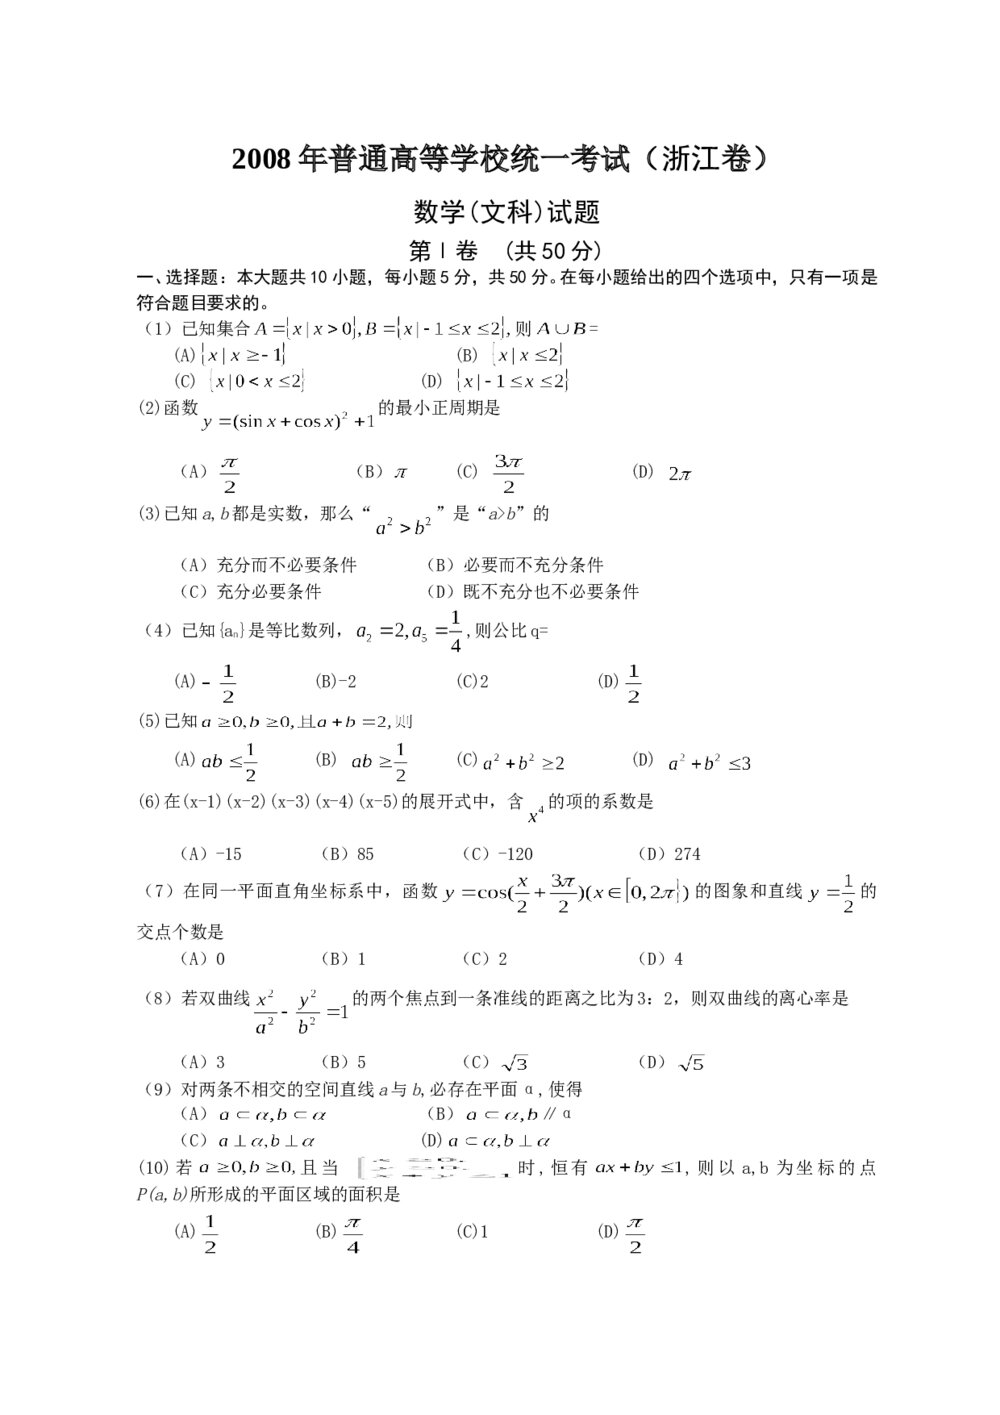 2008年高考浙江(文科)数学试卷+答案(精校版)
--
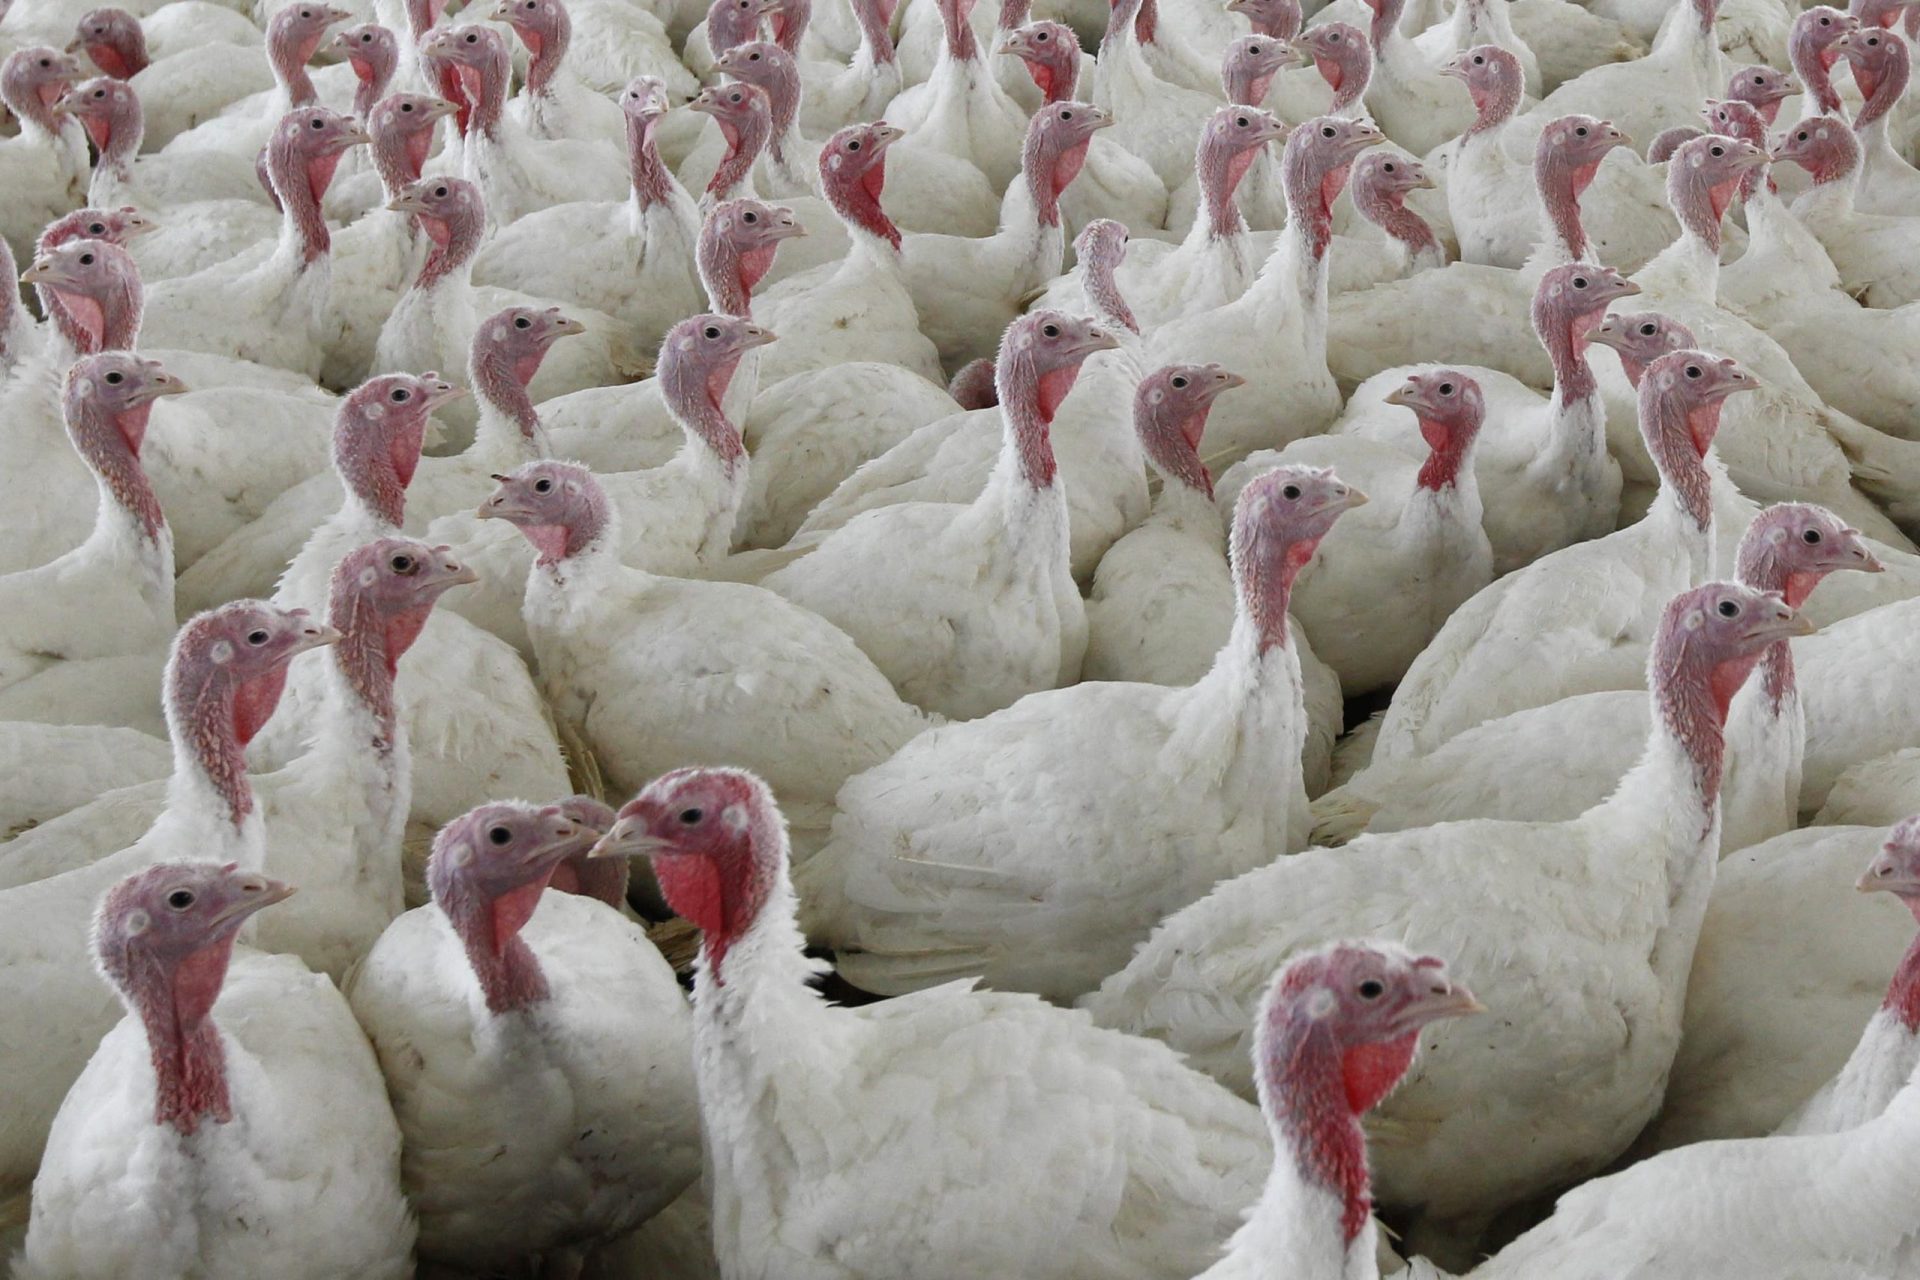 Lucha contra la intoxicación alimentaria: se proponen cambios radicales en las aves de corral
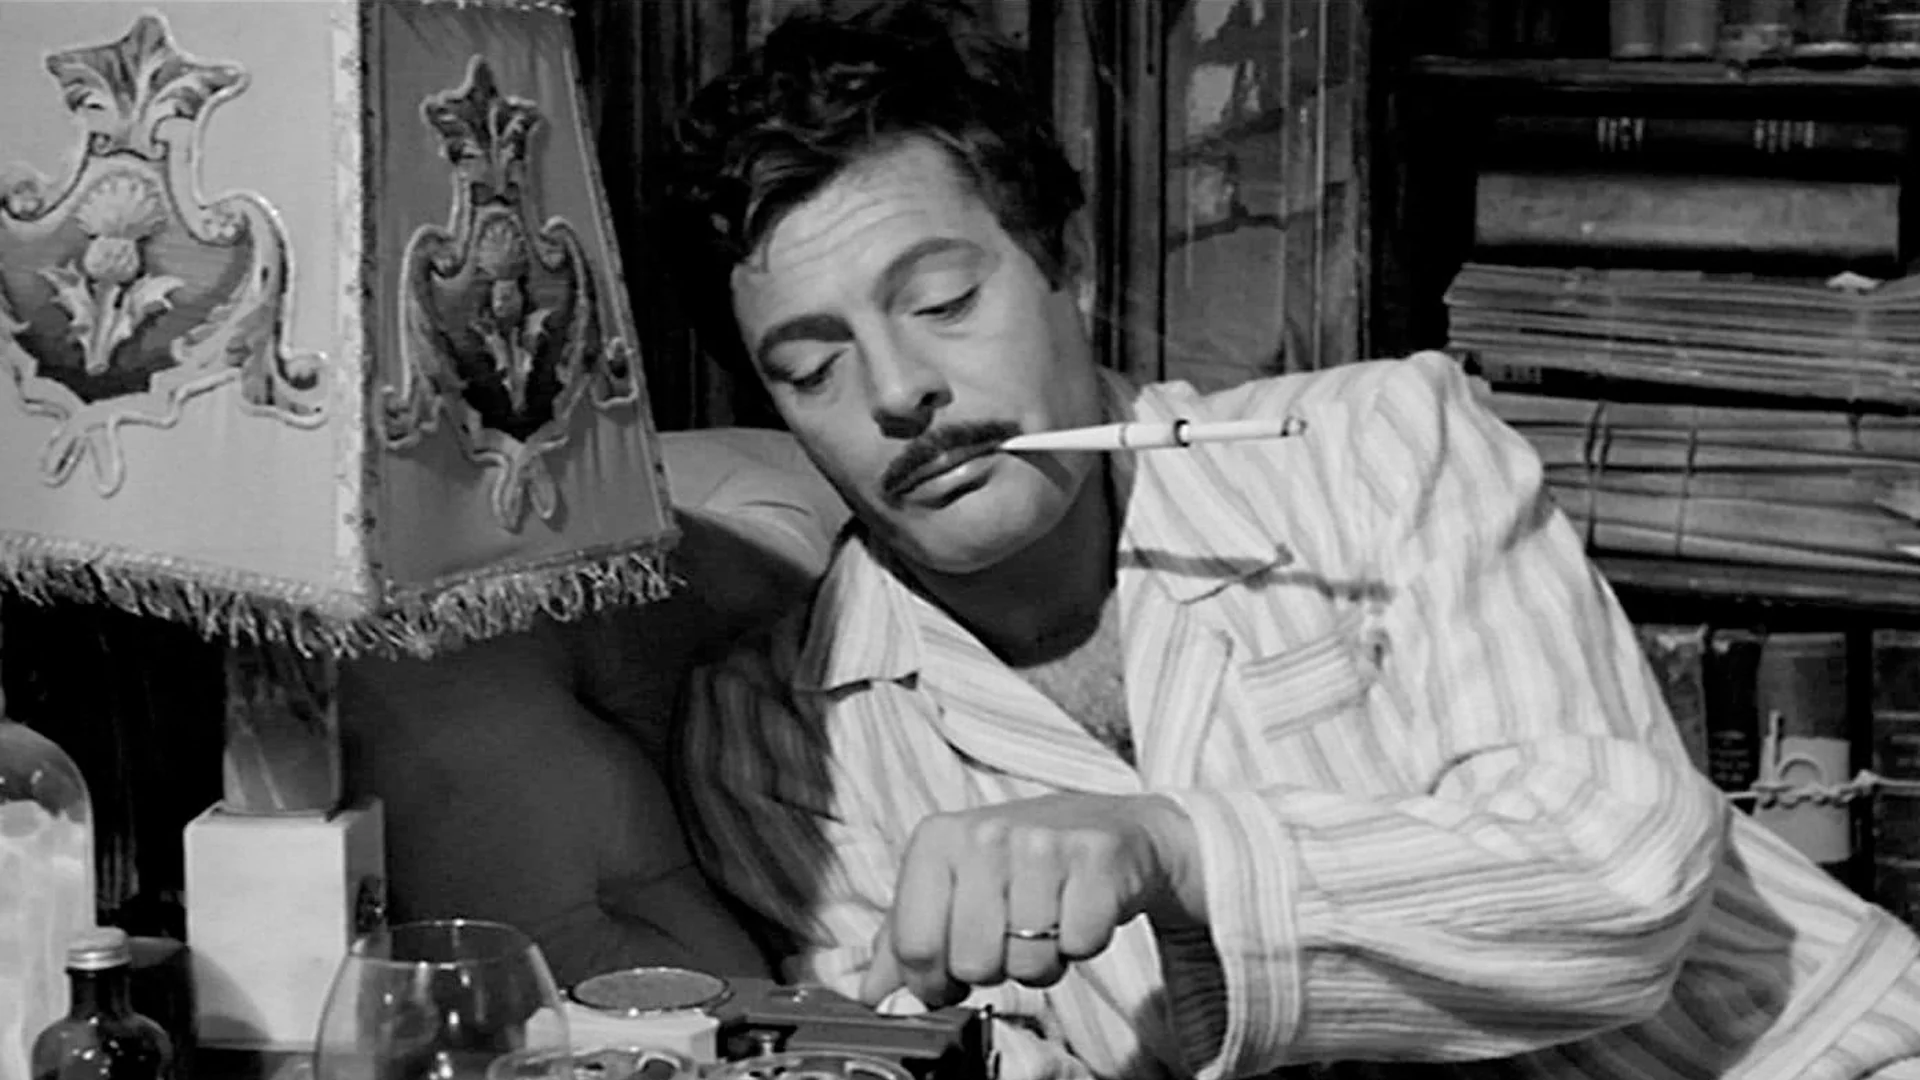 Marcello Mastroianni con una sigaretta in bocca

**Exercise brief:** In the listing above, find the line with "Lucha contra la" and the line with "Marcello Mastroianni con". Set down exactly those lines and everything between them, skipping pictures.

**Exercise answer:**
 Lucha contra la intoxicación alimentaria: se proponen cambios radicales en las aves de corral
 Marcello Mastroianni con una sigaretta in bocca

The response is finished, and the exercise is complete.